The station manager for Radio Soleil is Hubert Mesidor, a young Salesian brother (wrongly reported in some media as a Salesian priest). As mentioned in the East Asia-Oceania blog on 1/16/10 (http://say.sdb.org/blogs/eao), I was with Hubert some months ago in Quito and jokingly called him a “delinquent” when, after my mentioning that through use of free software I had saved the Congregation thousands, he shot back immediately that so had he -- with another kind of “free” software!! Now he is welcome to any kind of software he can lay his hands on, as far as I am concerned. I am just grateful that he is alive. Radio Soleil has played a crucial role in Haiti, as witnessed by the fact that the Duvalier dictators closed it down several times. “Baby Doc” went, in due course, while Radio Soleil survived.

Will Radio Soleil rise from the rubble? Certainly. It is estimated that some dozen crucial local radio stations were destroyed in the earthquake, but they have played and will need to be reconstructed to continue to play, a supportive role for Haiti’s suffering people. And quite possibly Salesian communications enterprises around the world are among those who will help come to the rescue? That’s a question, not a statement. Audiovisuales Don Bosco, Quito, had already played a role in conjunction with Radio and Télé Soleil prior to the earthquake in raising awareness in Haiti; possibly they are looking at what they can do now.

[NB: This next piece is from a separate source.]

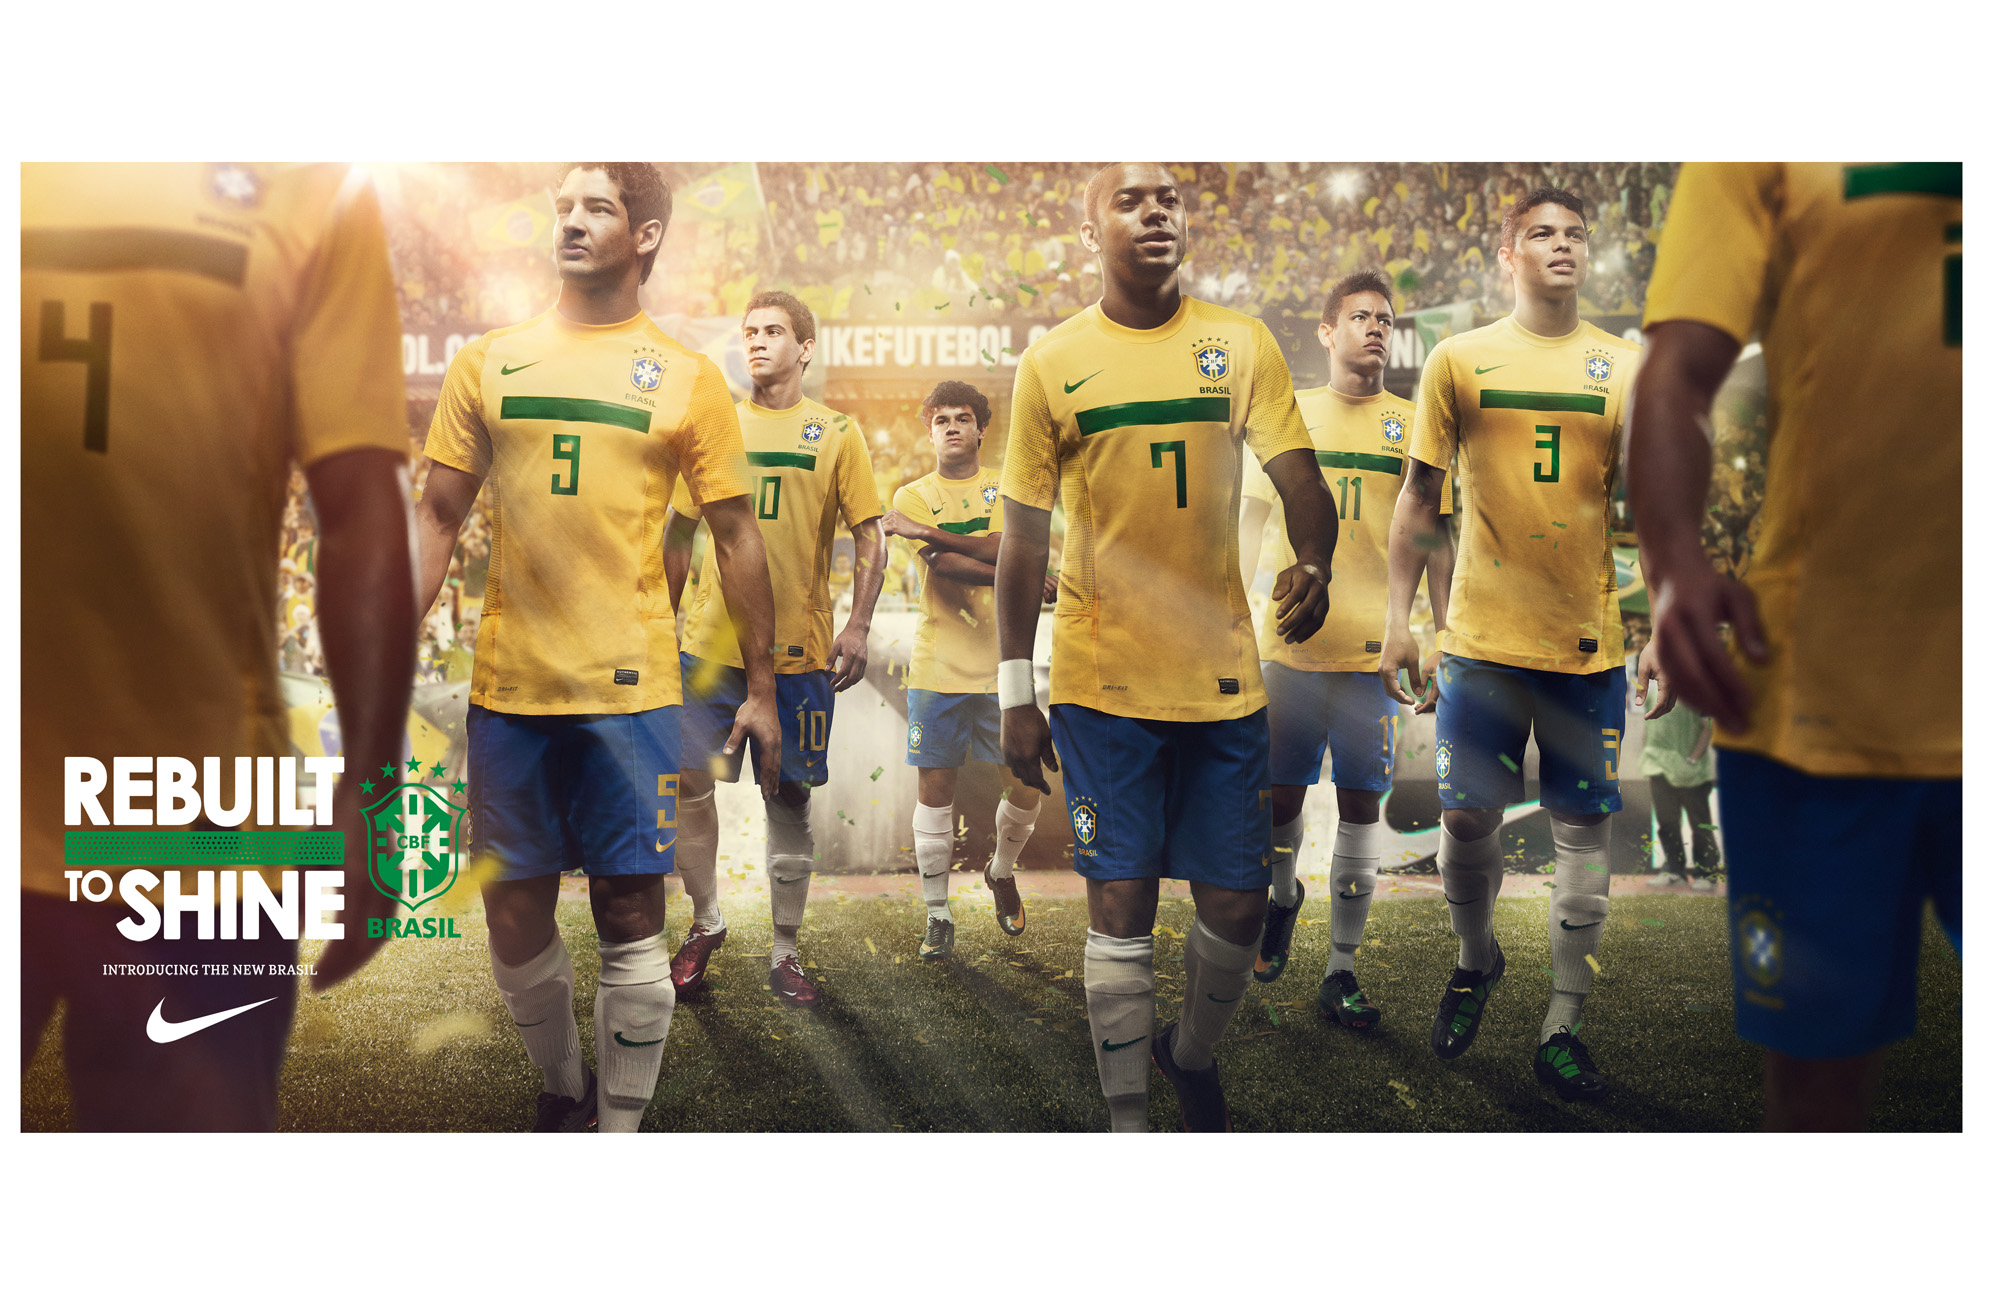 Nike Brazil - 1 of 2

A prominent Salesian friend also died in the earthquake. Zilda Arns, founder of Pastoral da Criança in Brazil and champion of children’s rights, was on a brief mission in Haiti at the time of the earthquake and did not survive, as has been widely reported. She was the opening speaker at the Chiang Mai SIGNIS Conference last year. Her loss will be sorely felt worldwide.

Tuesday, January 26, 2010

SLM in the Amazon

SLM in the Amazon

Back on August 14, I posted about the new batch of Salesian Lay Missioners that we commissioned. If you want to follow the adventures of Steve Widelski deep in the Amazon, read his blog at http://www.brazilupdateamazonriverman.blogspot.com/

Monday, January 25, 2010

Collaboration, Contributions, Status of Salesian Sisters

Collaboration, Contributions, Status of Salesian Sisters, Haitians in the U.S., Links to More Info

Collaboration

Hans-Jürgen Dörrich from Jugend Dritte Welt (JDW) in Bonn left New Rochelle on Sunday evening, returning to Bonn on Monday morning, Jan. 25. The staff of Salesian Missions and the province leadership in N.R. are most grateful for his presence and assistance in the first 12 days of dealing with the Haiti emergency.

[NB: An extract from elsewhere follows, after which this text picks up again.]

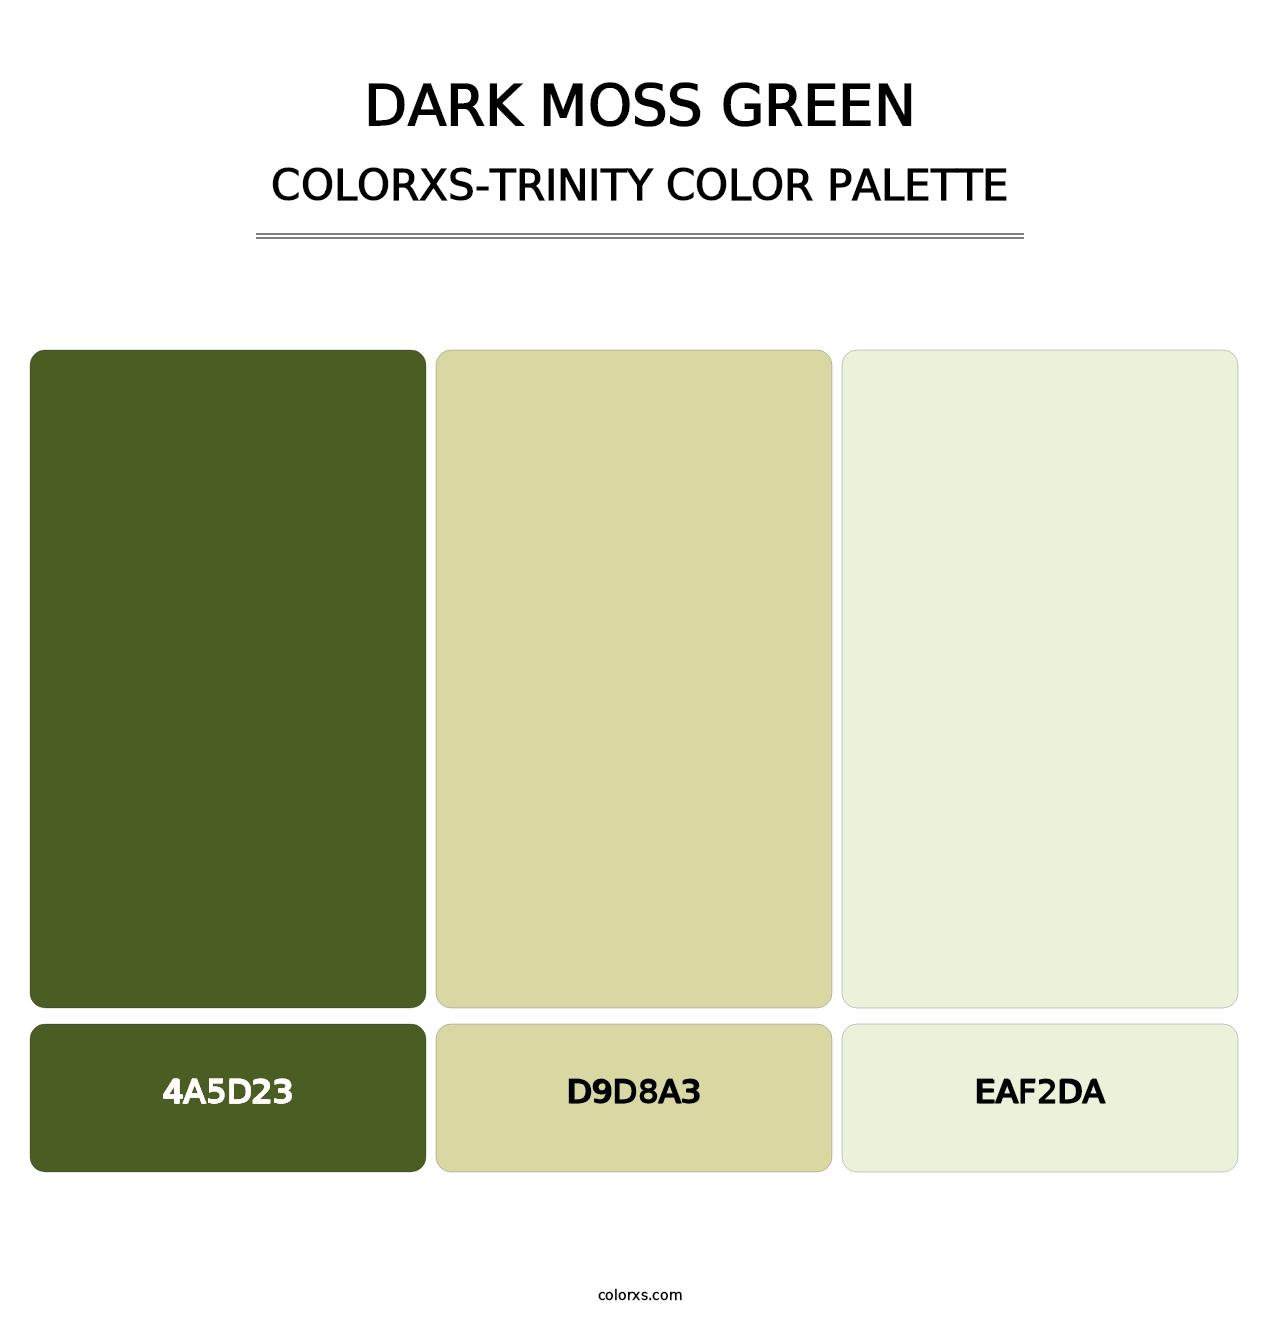 Dark Moss Green - Colorxs Trinity Palette

Salesian Missions (N.R.) has drafted Haiti Emergency Relief Accountability Guidelines and on Jan. 17 circulated them for feedback from other Salesian procures and NGOs. That feedback is awaited so that the guidelines can be finalized.

Salesian procures and NGOs are requested to provide their e-mail addresses to Shoestring Group’s Hanna Brazee Gregory (hannah@shoestringgroup.com) directly for timely transmission of information from the Shoestring Group regarding Haiti.

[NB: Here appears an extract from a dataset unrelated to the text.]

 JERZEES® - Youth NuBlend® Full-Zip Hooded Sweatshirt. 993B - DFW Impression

Sisters Ready to Help in Miami’s Operation Pierre Pan

The Salesian Sisters (FMAs) helped exiled Cuban children in the 1960s, and they’re ready to work with the archdiocese of Miami to help Haitian children orphaned by the earthquake.

Sr. Phyllis Neves, provincial of FMA Eastern Province, explained that if the Sisters’ application is approved, they will be involved in the archdiocese’s Operation Pierre Pan, an effort coordinated by Catholic Charities and modeled after the 1960s-era program Operación Pedro Pan, in which 14,048 Cuban children who arrived to the U.S. without their parents were housed with families in Florida after Cuba’s communist revolution. Just like that two-year program, the Haitian children would live in temporary shelters in south Florida until foster homes are found, or they are reunited with family members.

Miami is home to approximately 300,000 Haitian-Americans; they are probably the biggest immigrant community in the city after the Cuban population.

Sr. Phyllis stressed that the project is still in a preliminary stage. The principal of Miami’s Immaculata-LaSalle High School, Sr. Pat Roche, “is in dialog with Catholic Charities and has offered the youth center at LaSalle as a possible site for the children. Personnel in the province have been identified who could coordinate this program and provide the necessary care. At this point, we know nothing specific, as the important step is to identify the children who really are orphaned. If we are accepted, we’d receive a group.” She added that Sr. Marie Adline Clergé, former provincial of Haiti, who is currently in the U.S. to study English, and two novices who know Creole, are willing to help in this effort, as well as other sisters and volunteers from the FMAs’ VIDES program.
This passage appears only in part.